With that in mind, some Democrats have again proposed eliminating the Senate filibuster rule in order to pass the For the People Act with only Democratic support. They’ve attempted to demonize the filibuster and conveniently ignore how it has been critical to protecting the rights of Democrats in the past.

As a reminder, just four short years ago, in 2017 when Republicans held control of the White House and Congress, President Donald Trump was publicly urging Senate Republicans to eliminate the filibuster. Then, it was Senate Democrats who were proudly defending the filibuster. Thirty-three Senate Democrats penned a letter to Sens. Chuck Schumer, D-N.Y. and Mitch McConnell, R-Ky., warning of the perils of eliminating the filibuster.
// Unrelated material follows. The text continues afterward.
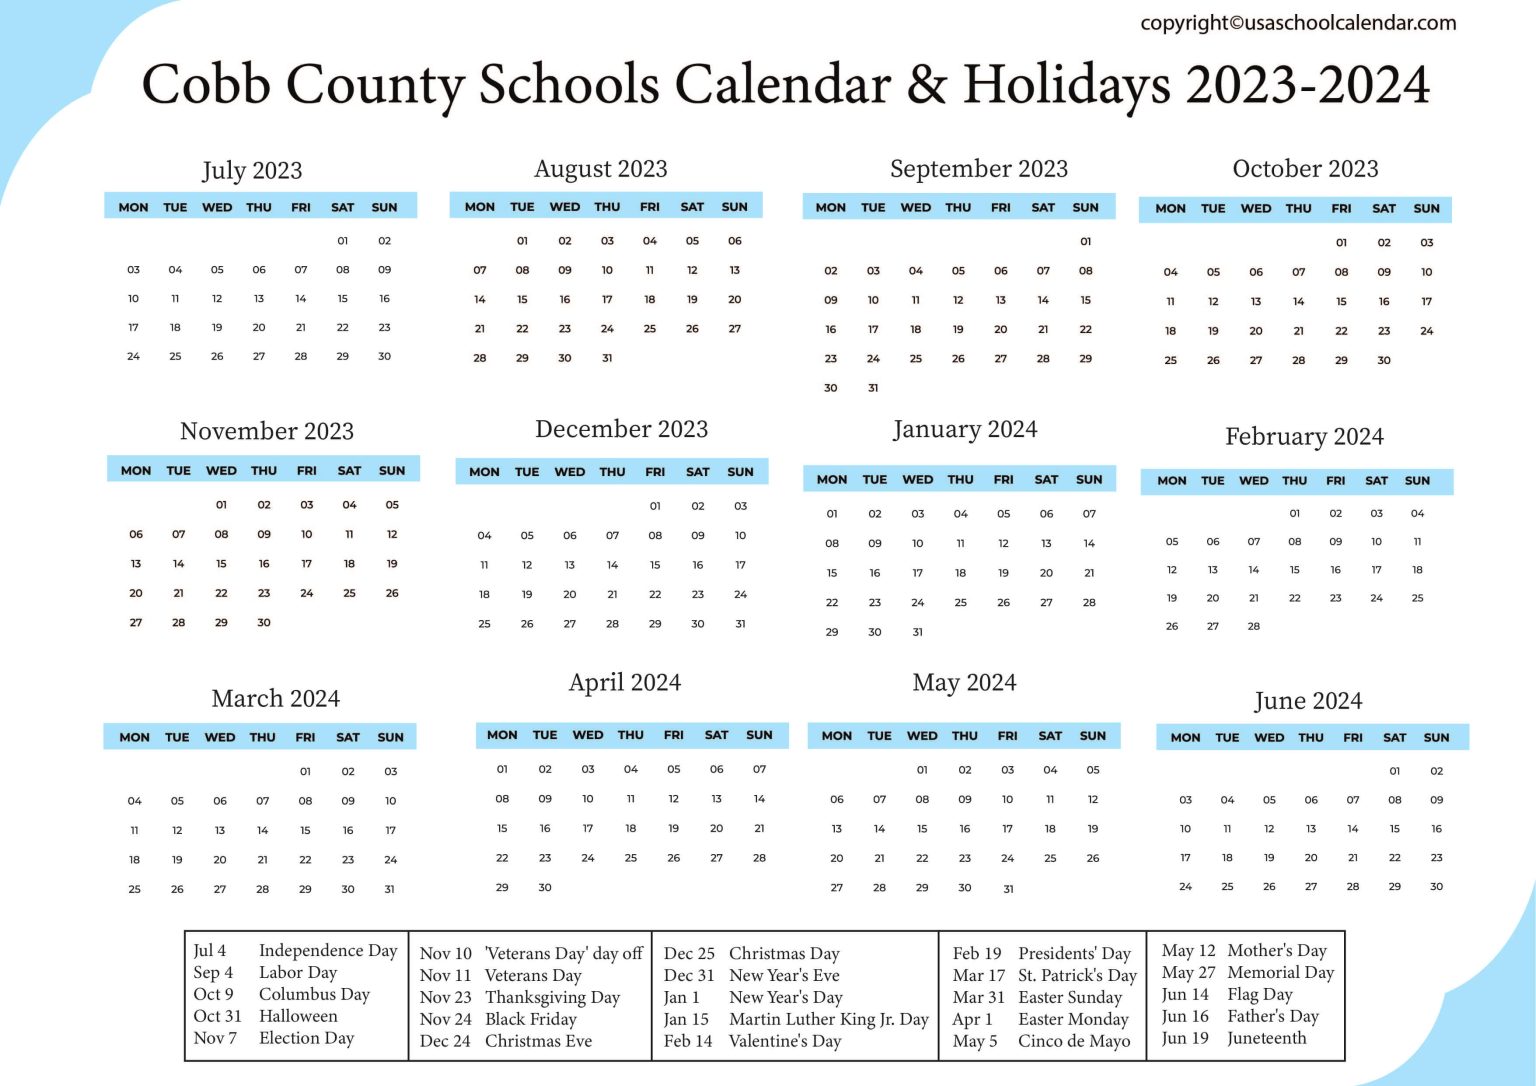 Cobb County Schools Calendar Holidays 2023 2024

The letter really didn’t say much of anything beyond meaningless platitudes about the right to debate, which isn’t what’s at stake here. (Most filibusters, including the one likely to stop the FTPA, are procedural measures to stop legislation. There’s no debate involved at all.) But, sure, Democrats who signed that letter and now urging the end of the filibuster now that doing so accrues to their short-term benefit are being hypocritical.

It has been said by much wiser people than me that absolute power corrupts absolutely. Well, what I’ve seen during my time in Washington is that every party in power will always want to exercise absolute power, absolutely. Our founders were wise to see the temptation of absolute power and built in specific checks and balances to force compromise that serves to preserve our fragile democracy. The Senate, its processes and rules, have evolved over time to make absolute power difficult while still delivering solutions to the issues facing our country and I believe that’s the Senate’s best quality.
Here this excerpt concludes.